Что меня, пожалуй, больше всего поразило в тот приезд Иосифа в 1984 году, — это его смятение из-за одного слова. Среди моих недавних впечатлений важное место занимала мода советской молодежи: футболки с надписями, полиэтиленовые пакеты с картинками, спортивные туфли. Последние были новинкой во всем мире. Когда я в Амстердаме сделал Иосифу комплимент по поводу его кроссовок (мы, как обычно, разговаривали по-русски), он взглянул на меня в болезненном замешательстве и почти закричал: “Как-как? Скажи еще раз!” Слушая новости о своей стране , пусть речь шла даже о его родителях, пока они были живы, он оставался всегда на удивление спокоен — было ясно, что он слушает, но лицо его ничего не выражало, он ничем себя не выдавал. И только от столкновения с незнакомым ему русским словом стойкость поэта-изгнанника на секунду сломалась.
ПРИЛИВ ТИШИНЫ
Там слезою должной
Ты почтишь, скорбя, раскаленный пепел
Друга-поэта.ГОРАЦИЙ, Оды (пер. Г. Ф. Церетели)

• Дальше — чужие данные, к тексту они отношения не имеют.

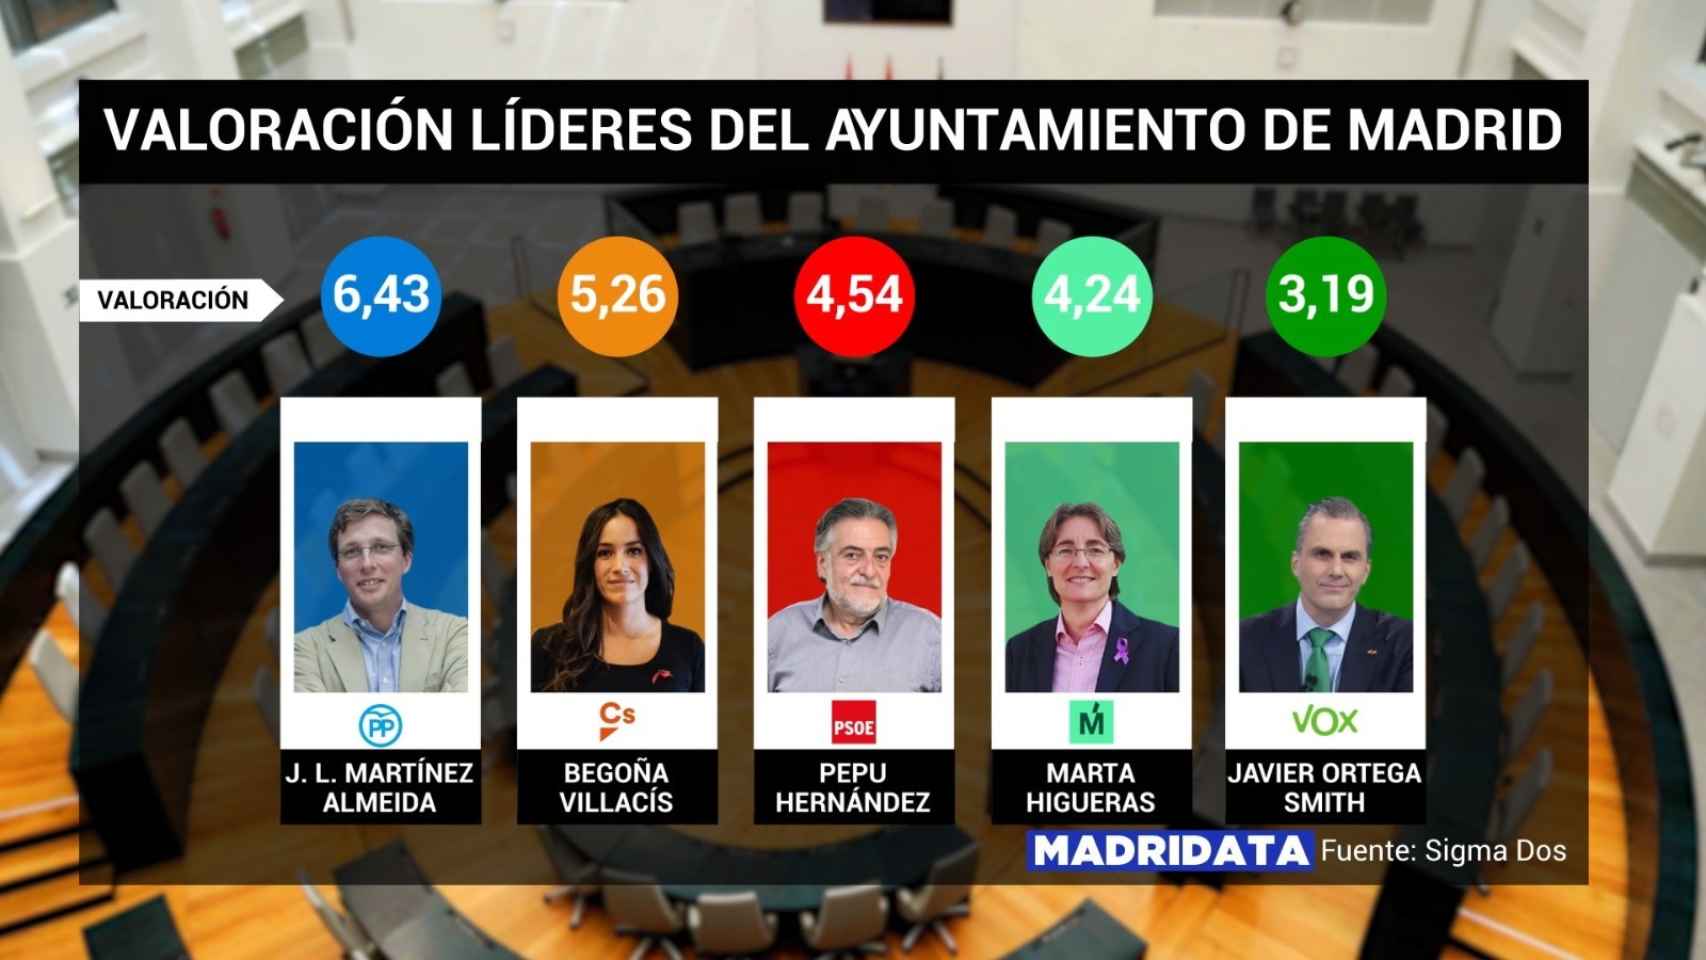 Valoración de los candidatos a la alcaldía de Madrid.

В одном из стихотворений 1975–1976 гг., в которых Бродский преодолевает первую тоску эмигрантской жизни избытком стихотворной техники, он показывает свой, пожалуй, самый изящный словесный фокус. Зачеркивает первую букву в слове “стихотворение”, и как по волшебству возникает слово не существующее, но понятное каждому русскому. Тихотворение, таящееся в каждом стихотворении, может значить только водворение тишины или нечто, из нее созданное. По-голландски полного эквивалента тут не придумать. В стихотворении Бродского речь идет о том, как “я”, сидя в своей комнатенке на далеком континенте, с ожесточением продолжает писать стихи — последнее средство, чтобы не сойти с ума от одиночества. По форме это — одновременно и шутливая, и трогательная игра недавнего изгнанника с языковыми и образными клише псевдонародного искусства 1910–1920-х гг. Поскольку все стихотворение слишком тесно связано с породившим его культурным фоном, в большинстве переводных сборников поэзии Бродского его нет. Зато в русские издания его включают обязательно. Среди русских критиков тихотворение стало уже понятием. В широком смысле — характеристика того, чем должна быть поэзия; в узком — этикетка для творчества последнего великого русского поэта.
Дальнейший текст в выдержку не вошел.